One summer we broke tradition and  took the train to California to visit my mother’s sister.  I was about 6, which would have made my brother Ed 12 or 13.  He insisted on wearing his Boy Scout uniform the whole time.  To keep us out of her hair, our mother handed us a box of Fizzies, a product probably so toxic it no longer exists; the tablets were  like Alka-Seltzer crossed with Kool-Aid.  Ed and I ran gleefully to the drinking fountain  in the corridors outside the rest rooms, conveniently located outside the realm of  parental purview.  Instead of following the instructions to dissolve the Fizzy tablet in a glass of water, we’d each pop one in our mouths.  Our tongues burned, our teeth turned psychedelic  hues of red or purple or whatever  fruit flavor the particular tablet purported to emulate, then, for the underpants-wetting coup de grace, an endless stream of foam erupted out of our mouths.

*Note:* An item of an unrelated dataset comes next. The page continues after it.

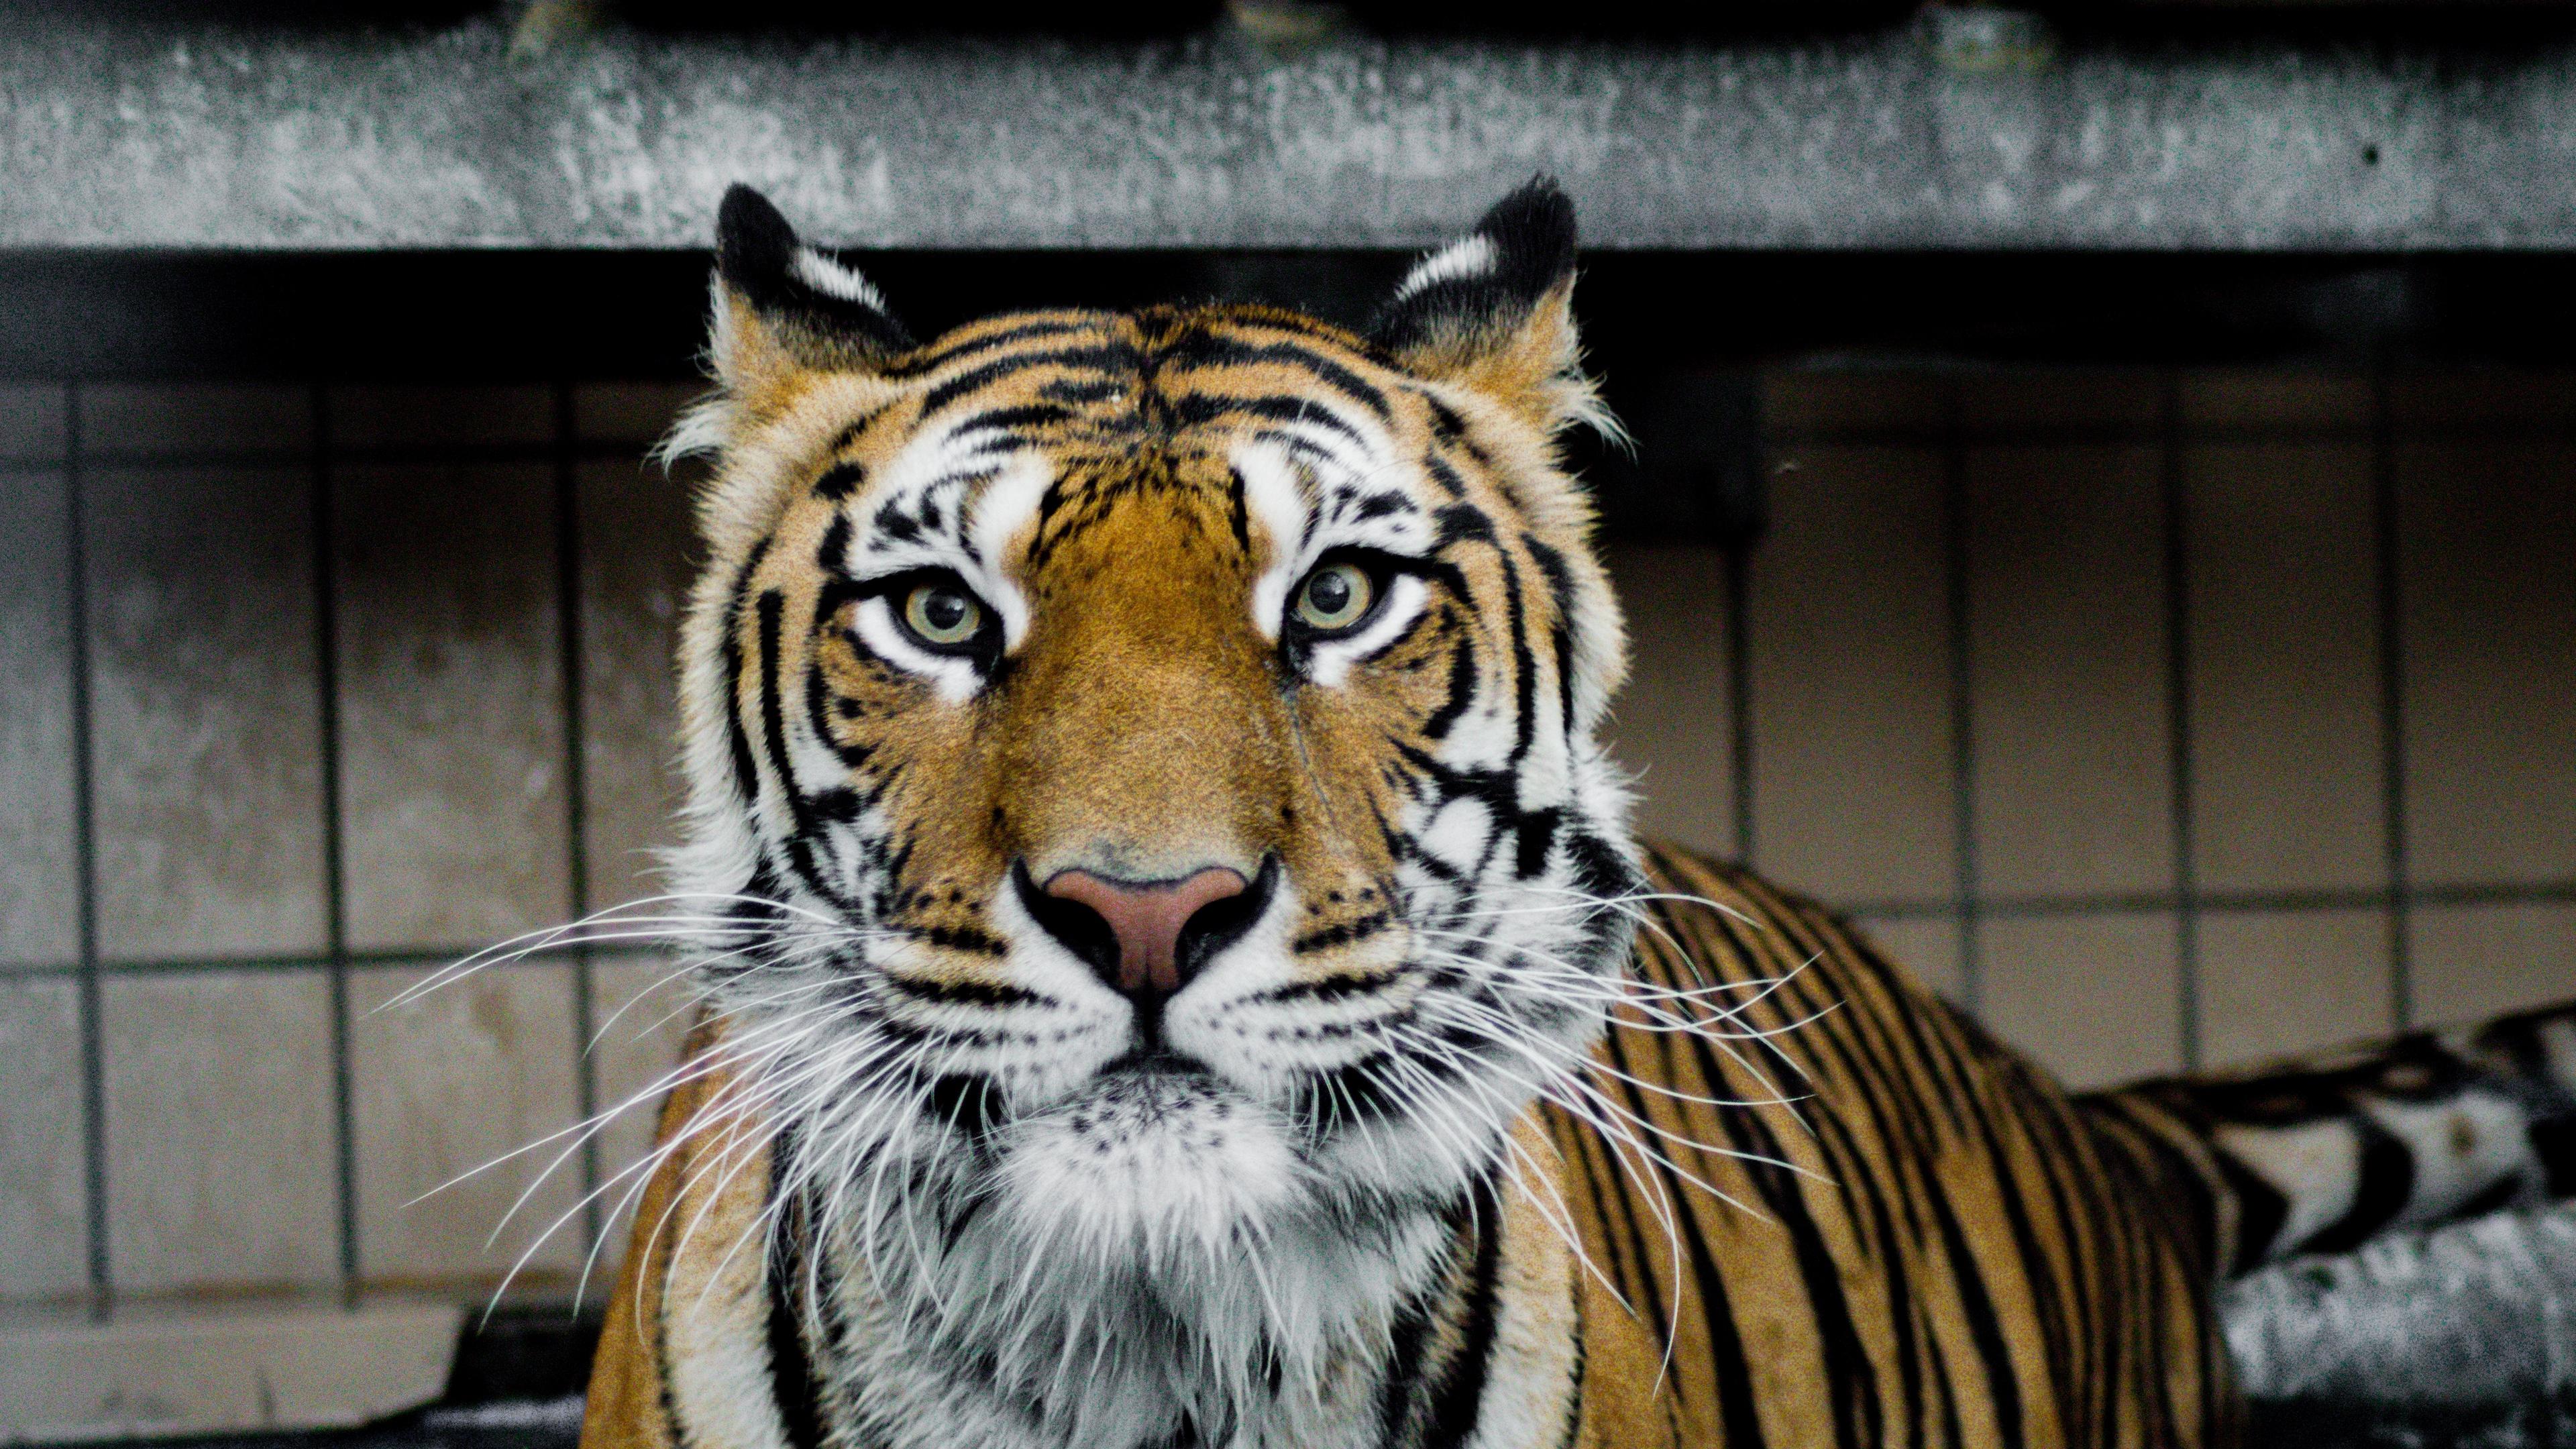 tiger muzzle predator big cat look 4k 1542242777 - tiger, muzzle, predator, big cat, look 4k - Tiger, Predator, muzzle

When we’d return home from these family trips, my dad refrained from his usual chorus, perhaps largely  because the statement would be logically false since we were often away for weeks at a time.  But thankfully these trips also diffused whatever emotional time bombs were ticking beneath the surface of my parent’s marriage, and for a brief time we’d be a united, peaceful, if tired, nuclear family unit.